Роместа стала как тростиночка, лицо ее осунулось от бессонных ночей. А мальчик рос быстро, не по дням, а по часам. Ему сплели мягкую колыбель из лозы и сухих трав, сладко пахнущую полем, и она спрятала его в прибрежном овраге, под небольшим навесом. На дне оврага росли травы и кустарник, повсюду были разбросаны камни, занесенные когда-то быстрыми водами.

Молодая мать оставляла ребенка на время одного, появлялась на винограднике и работала рядом со всеми. Потом незаметно исчезала, как волчица в своем логове, кормила младенца и снова торопливо возвращалась, чтобы не дознались Бенилос или Зантикомес.


…Время бежало. Все чаще голубая гладь моря темнела и волновалась, ивы на берегу лимана беспокойно трепетали, как перед бурей. Чайки кричали все тревожнее, разрезая острыми крыльями косые лучи остывающего солнца. Стаи стрижей, все лето гнездившиеся в норах высокого отвесного берега, вдруг пропали. Журавли с беспокойными криками собирались косяками и отправлялись к южным берегам. На виноградниках Аристогореса спелые грозди отливали синим и бронзовым цветом.

Наступила осень с холодными утрами и ранними серыми вечерами. Зантикомес, придерживая одной рукой свою хламиду, с узловатой палкой в другой медленно ходил по винограднику в сопровождении Аптасы, давая тому разные советы: какой сорт собирать первым, какой — в самом конце, какие сорта винограда лучше всего смешать, чтобы получилось хорошее вино.
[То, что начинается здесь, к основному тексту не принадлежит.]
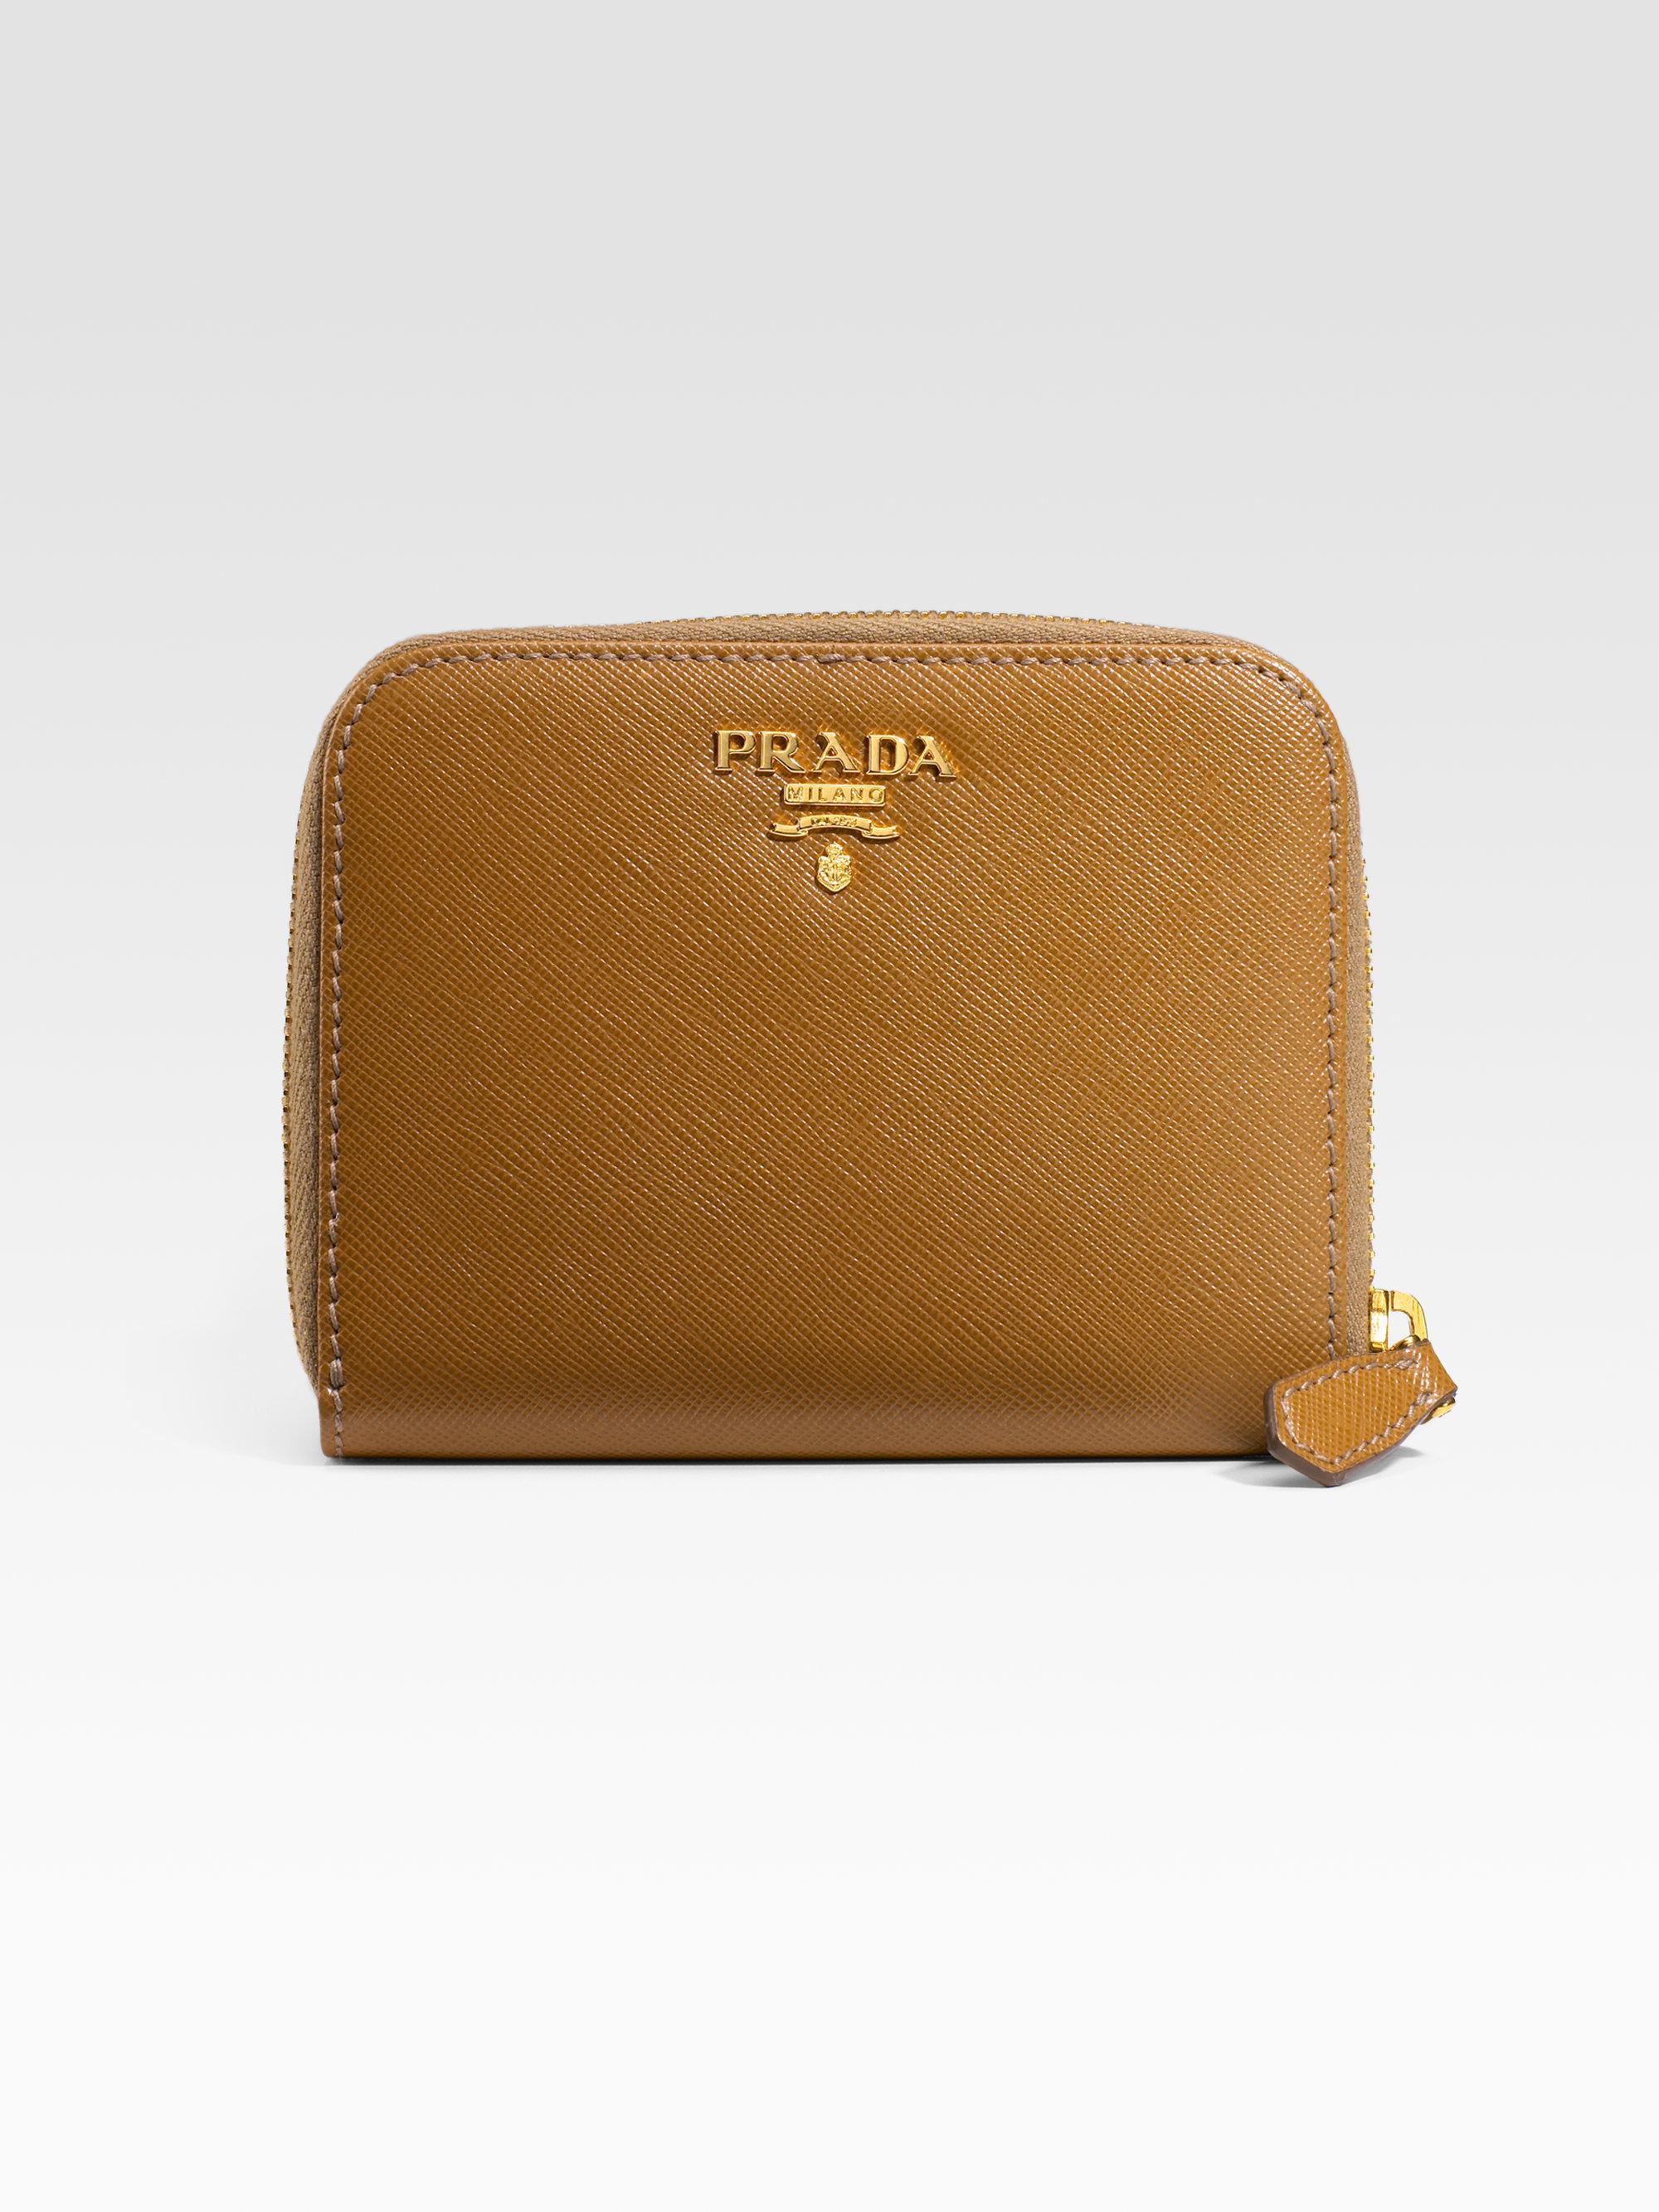 prada vela tote - prada orange leather wallet

Последнее время рабы были заняты починкой старых корзин, плели новые, чистили подвалы и хранилища, мыли давила, амфоры и другую посуду для вина.

Под знаком Скорпиона начался сбор. Собирали от зари до сумерек, затем до поздней ночи; вываливали виноград в мешки из редкой ткани и при свете факелов под навесом мяли его ногами в деревянных стоках. Пахло давлеными гроздьями, морским ветром и горьковатой лозой.

По краям давильни были расставлены толстопузые амфоры, в которых пузырилось и отстаивалось молодое вино. Его крепкие пары́ обволакивали Гету и Роместу, даже старик Терес слегка покачивался.

Работа на сборе и давке винограда была изнурительной и оставляла рабам для сна лишь короткие часы ночи. И все же они не сетовали на судьбу, которая была к ним благосклоннее, чем к остальным: ноги их были свободны от цепей, условия лучше. Единственное, что их угнетало по-настоящему, это мысль о том, что они являются собственностью и что их не считают людьми.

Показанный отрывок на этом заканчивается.